COLLECTED MATERIAL: Begin

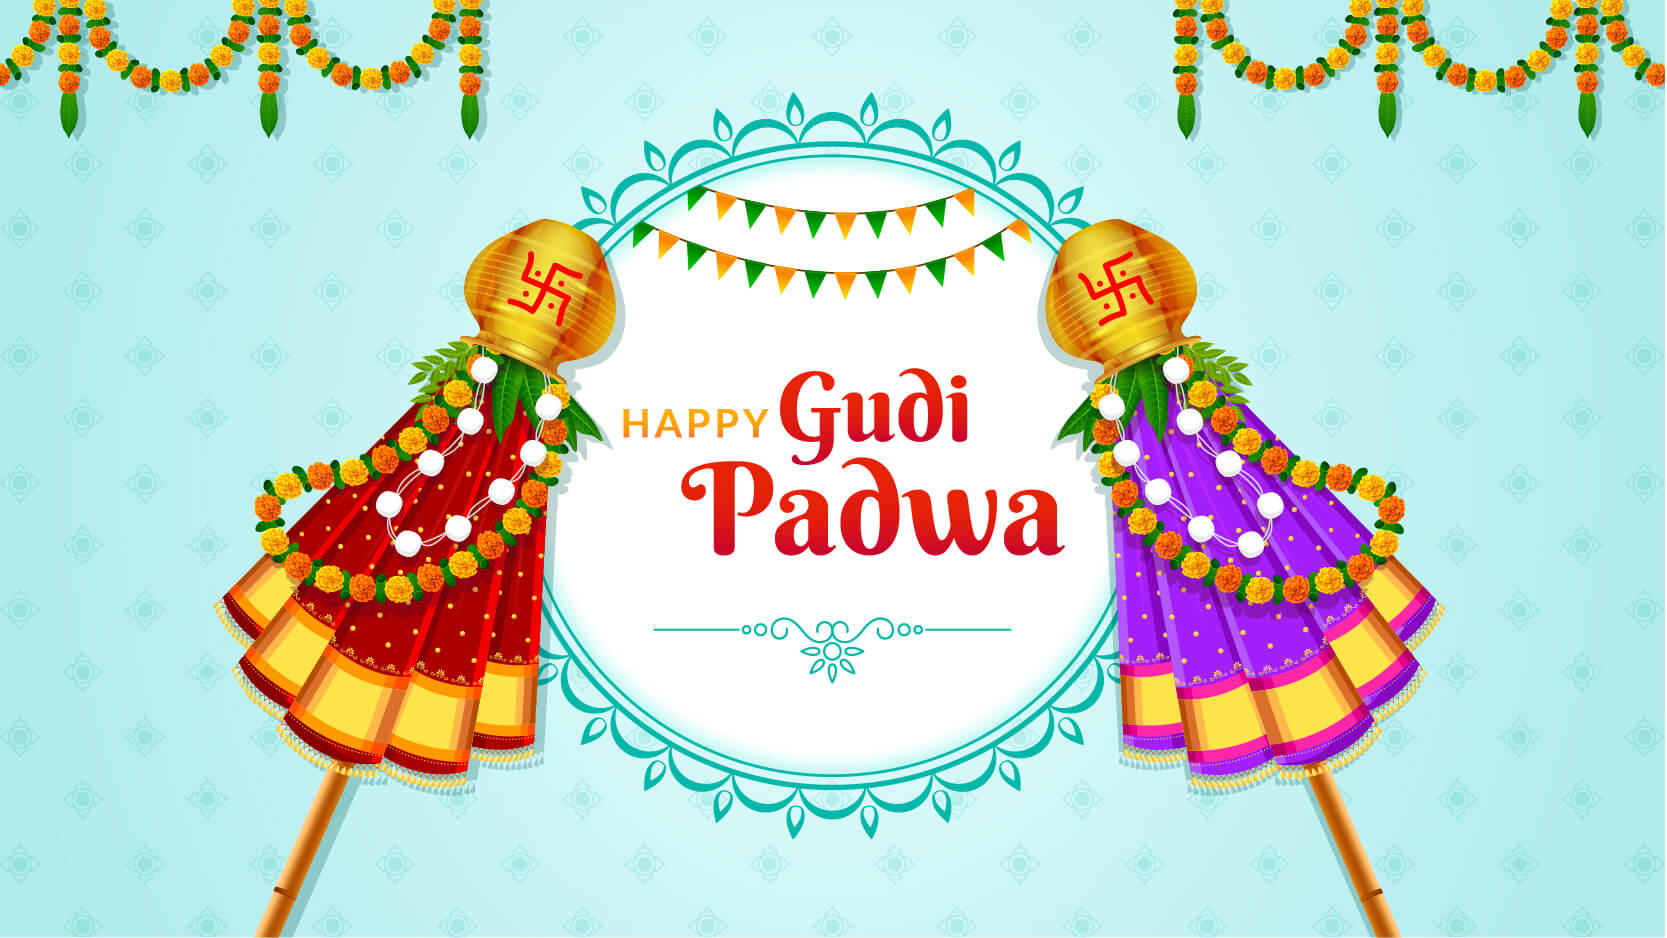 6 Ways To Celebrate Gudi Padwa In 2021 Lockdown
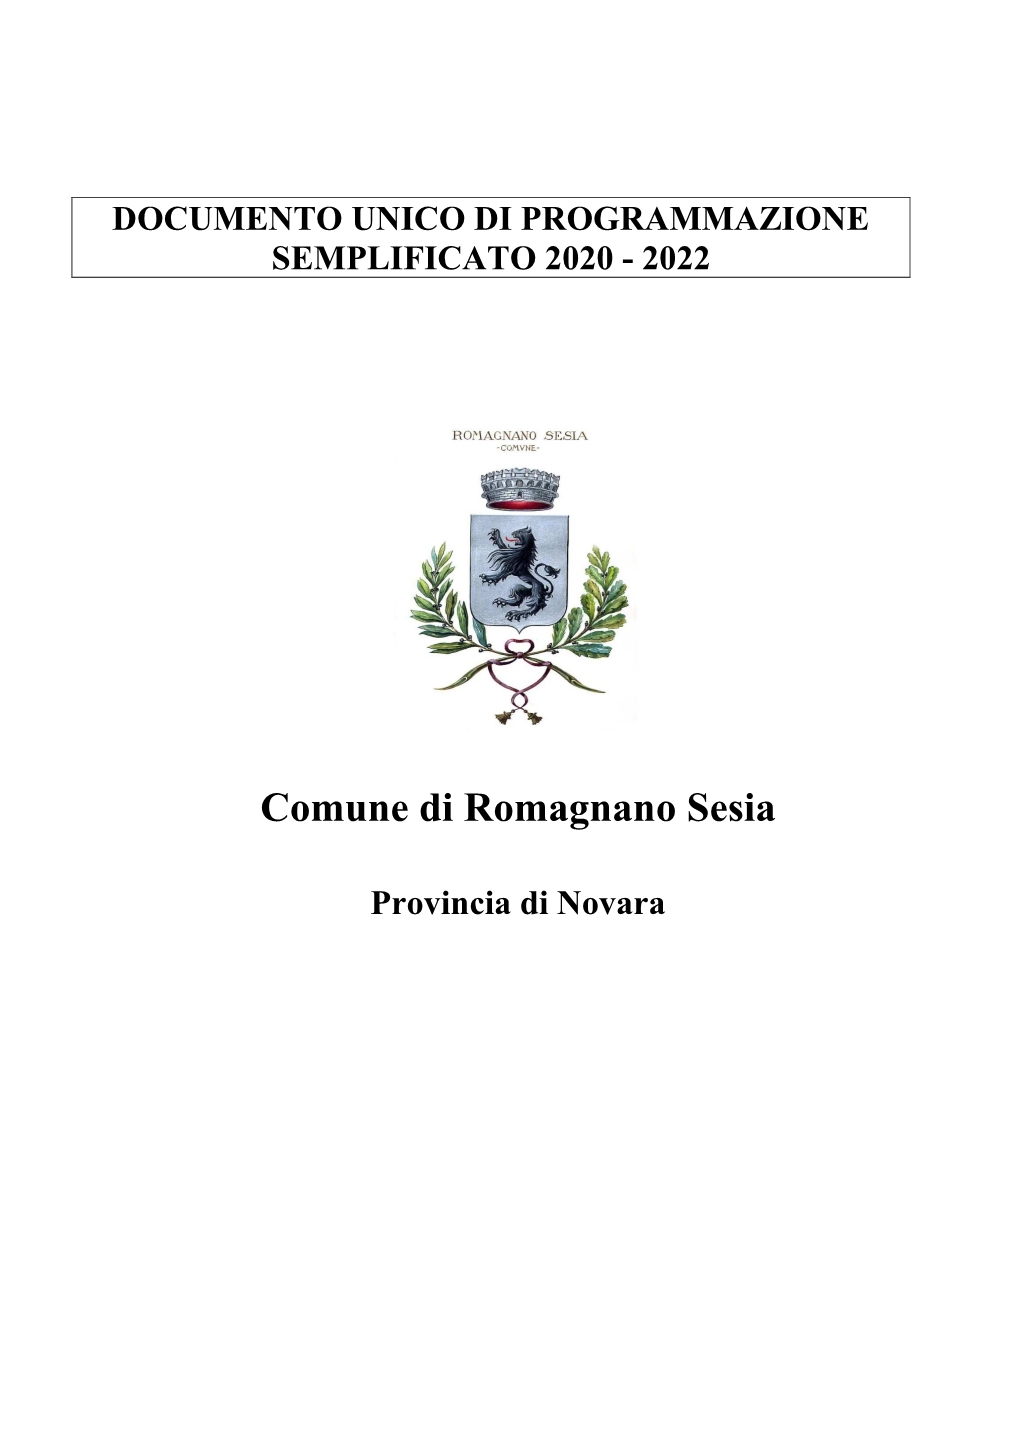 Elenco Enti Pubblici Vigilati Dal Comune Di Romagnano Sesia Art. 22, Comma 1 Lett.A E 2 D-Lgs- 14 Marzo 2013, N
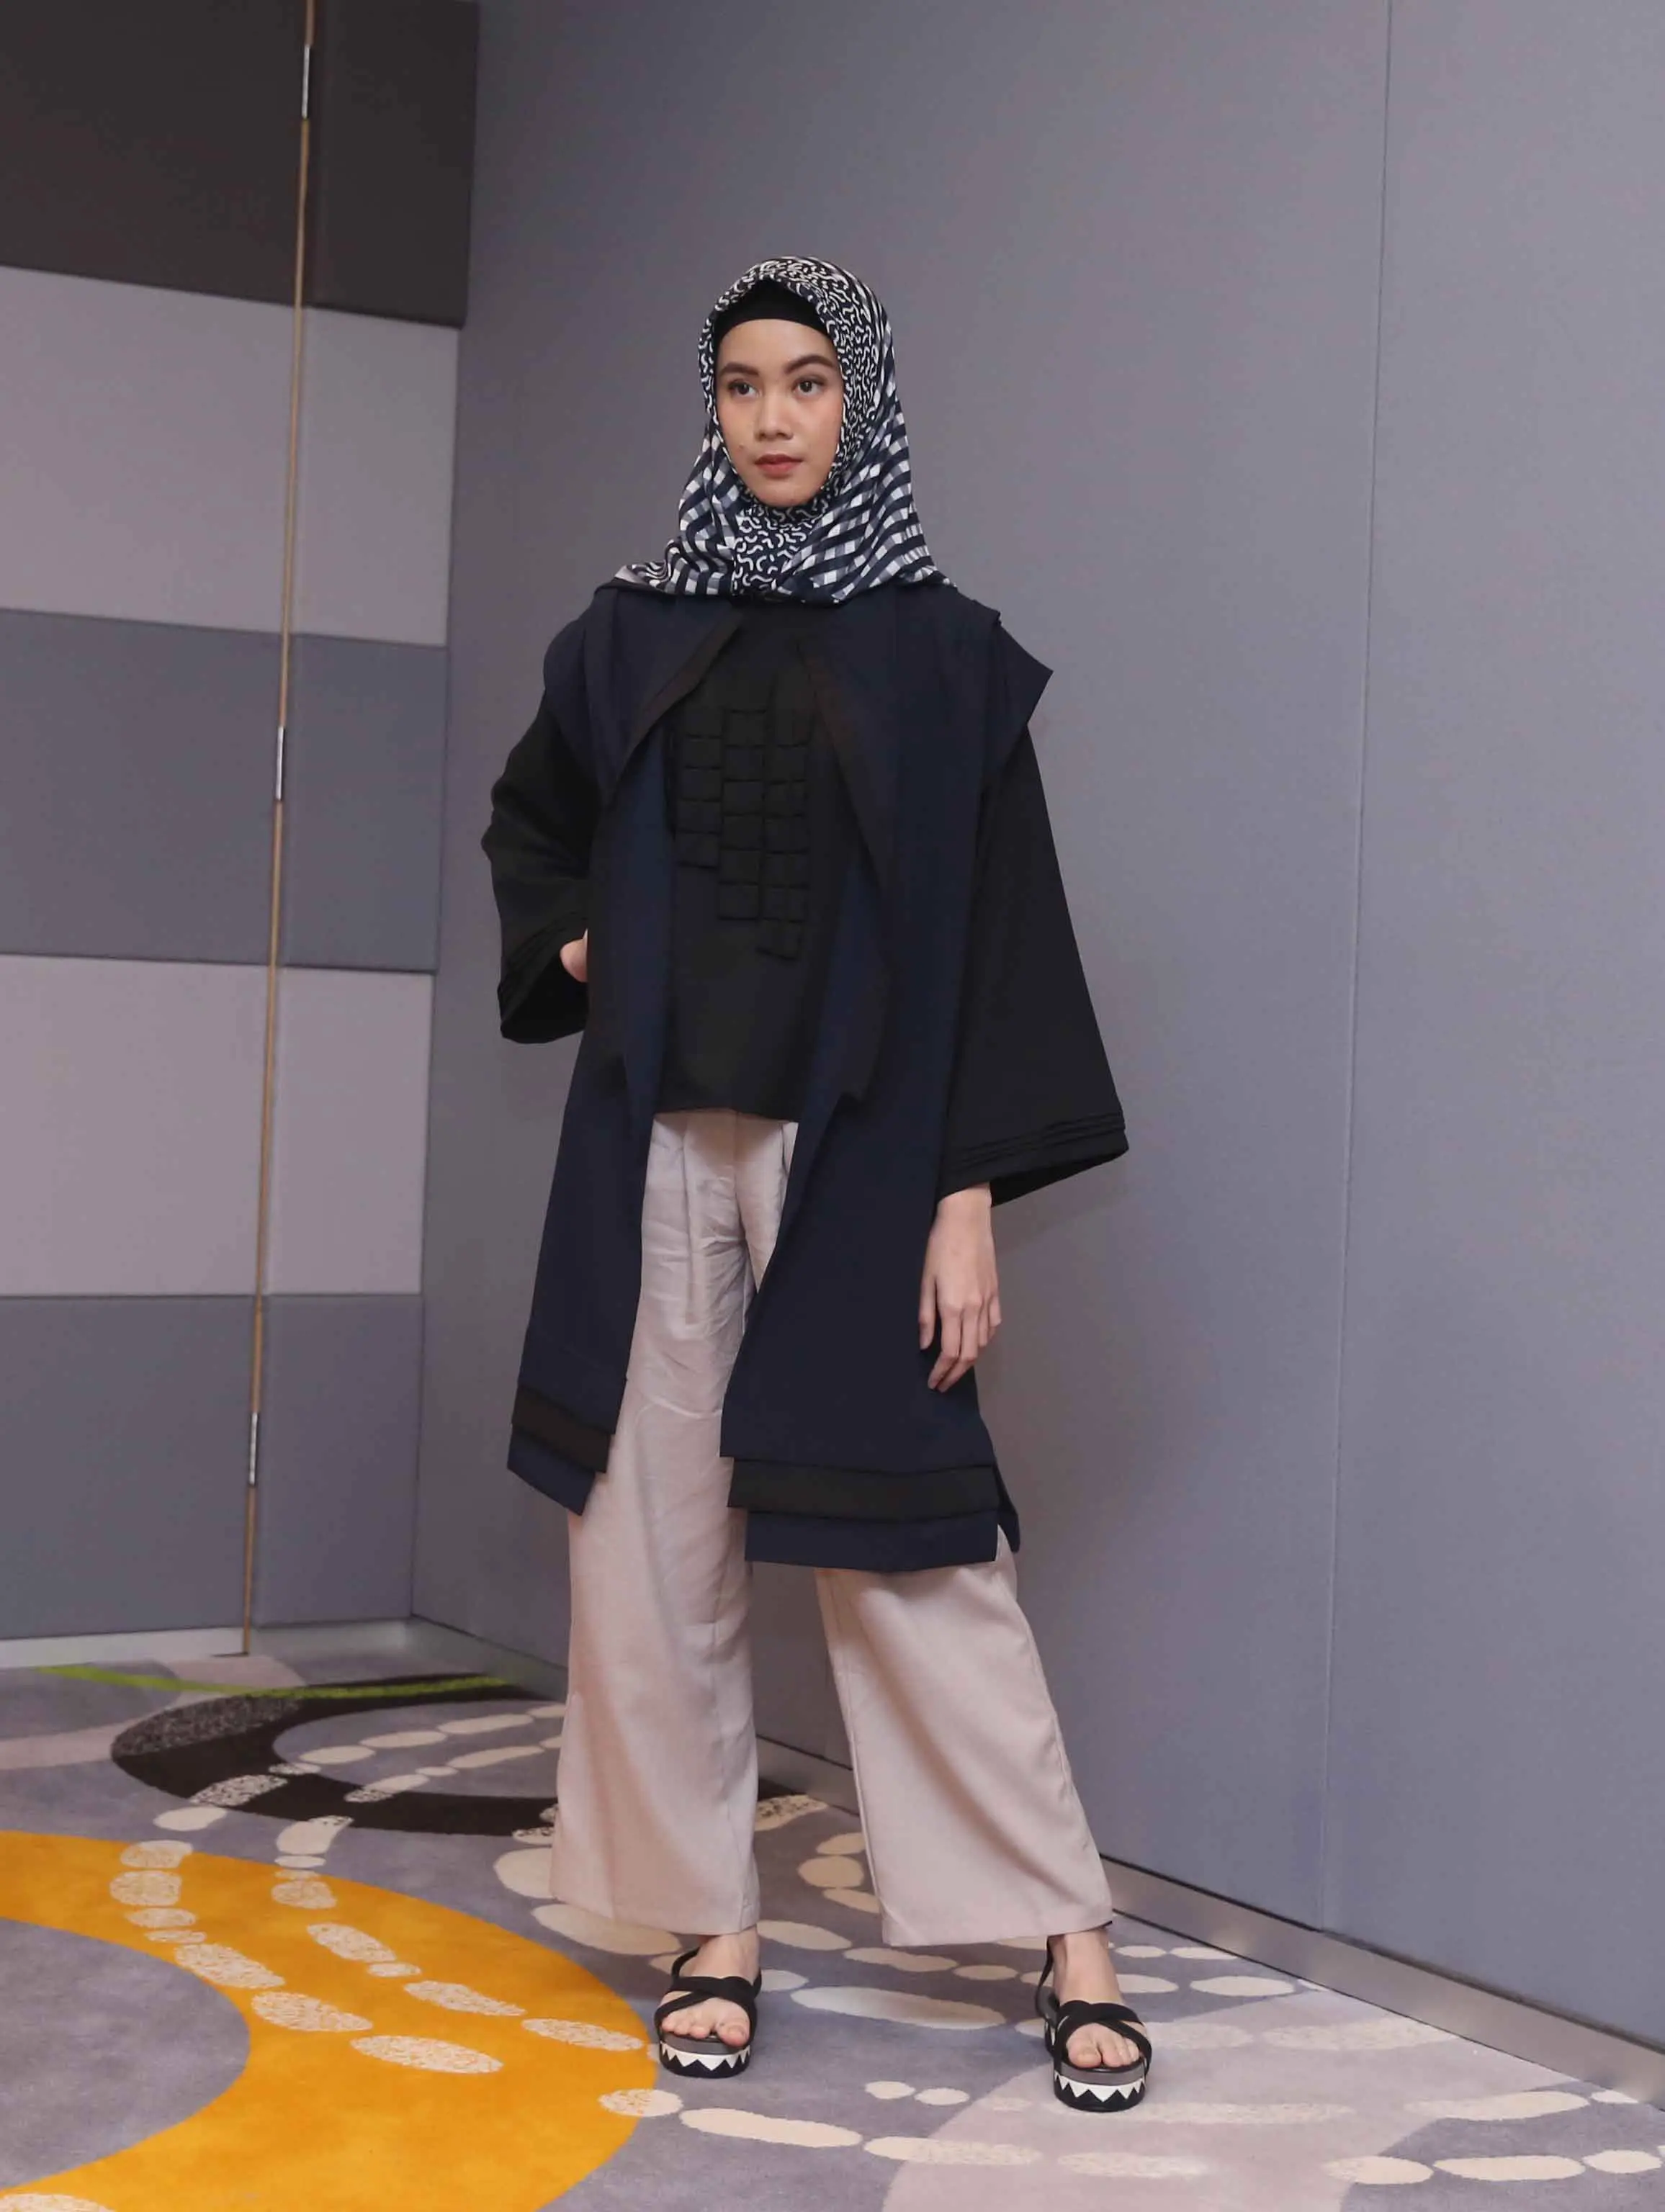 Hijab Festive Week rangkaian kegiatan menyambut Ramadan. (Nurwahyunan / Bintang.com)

COLLECTED MATERIAL: End

### PROBLEM STATEMENT
With the pictures removed, write the listing out word for word.

### RESPONSE TO THIS EXERCISE
 6 Ways To Celebrate Gudi Padwa In 2021 Lockdown
 Elenco Enti Pubblici Vigilati Dal Comune Di Romagnano Sesia Art. 22, Comma 1 Lett.A E 2 D-Lgs- 14 Marzo 2013, N
 Hijab Festive Week rangkaian kegiatan menyambut Ramadan. (Nurwahyunan / Bintang.com)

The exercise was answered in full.